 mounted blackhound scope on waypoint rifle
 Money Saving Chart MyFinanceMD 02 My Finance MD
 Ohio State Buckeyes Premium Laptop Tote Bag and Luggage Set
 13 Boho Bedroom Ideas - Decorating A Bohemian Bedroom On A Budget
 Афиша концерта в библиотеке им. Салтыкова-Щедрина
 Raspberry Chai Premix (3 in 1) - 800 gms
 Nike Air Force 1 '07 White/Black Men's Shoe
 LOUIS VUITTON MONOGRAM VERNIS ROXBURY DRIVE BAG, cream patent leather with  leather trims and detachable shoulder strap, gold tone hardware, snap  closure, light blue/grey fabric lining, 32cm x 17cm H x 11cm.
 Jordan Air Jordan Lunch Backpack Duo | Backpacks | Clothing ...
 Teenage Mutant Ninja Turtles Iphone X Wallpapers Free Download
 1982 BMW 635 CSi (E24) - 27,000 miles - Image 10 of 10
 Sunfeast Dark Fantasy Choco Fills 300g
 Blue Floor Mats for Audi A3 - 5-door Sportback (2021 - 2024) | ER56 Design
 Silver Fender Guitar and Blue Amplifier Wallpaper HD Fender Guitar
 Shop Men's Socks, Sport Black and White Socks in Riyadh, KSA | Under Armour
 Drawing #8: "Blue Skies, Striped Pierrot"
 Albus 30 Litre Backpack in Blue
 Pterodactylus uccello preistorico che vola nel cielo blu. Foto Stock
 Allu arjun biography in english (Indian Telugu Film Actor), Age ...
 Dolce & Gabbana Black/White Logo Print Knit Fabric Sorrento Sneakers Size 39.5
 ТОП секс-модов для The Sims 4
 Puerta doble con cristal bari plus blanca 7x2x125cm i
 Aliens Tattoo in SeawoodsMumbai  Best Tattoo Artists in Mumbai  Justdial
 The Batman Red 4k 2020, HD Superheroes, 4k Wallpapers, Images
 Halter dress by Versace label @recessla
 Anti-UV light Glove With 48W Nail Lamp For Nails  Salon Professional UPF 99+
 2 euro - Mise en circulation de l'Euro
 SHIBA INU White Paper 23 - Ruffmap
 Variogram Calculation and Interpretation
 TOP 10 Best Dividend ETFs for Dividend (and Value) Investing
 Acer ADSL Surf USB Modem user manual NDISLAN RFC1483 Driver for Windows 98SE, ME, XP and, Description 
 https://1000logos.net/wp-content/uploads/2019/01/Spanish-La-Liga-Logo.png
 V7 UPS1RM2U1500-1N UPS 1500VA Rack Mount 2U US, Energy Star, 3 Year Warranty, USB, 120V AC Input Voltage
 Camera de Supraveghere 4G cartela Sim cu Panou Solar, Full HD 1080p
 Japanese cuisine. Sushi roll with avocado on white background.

> **ABOUT THIS EXERCISE**
The answer should consist solely of the lines from the first line above through the one with "LOUIS VUITTON MONOGRAM", both included, repeated exactly.

> **RESULT FOR THIS TASK**
 mounted blackhound scope on waypoint rifle
 Money Saving Chart MyFinanceMD 02 My Finance MD
 Ohio State Buckeyes Premium Laptop Tote Bag and Luggage Set
 13 Boho Bedroom Ideas - Decorating A Bohemian Bedroom On A Budget
 Афиша концерта в библиотеке им. Салтыкова-Щедрина
 Raspberry Chai Premix (3 in 1) - 800 gms
 Nike Air Force 1 '07 White/Black Men's Shoe
 LOUIS VUITTON MONOGRAM VERNIS ROXBURY DRIVE BAG, cream patent leather with  leather trims and detachable shoulder strap, gold tone hardware, snap  closure, light blue/grey fabric lining, 32cm x 17cm H x 11cm.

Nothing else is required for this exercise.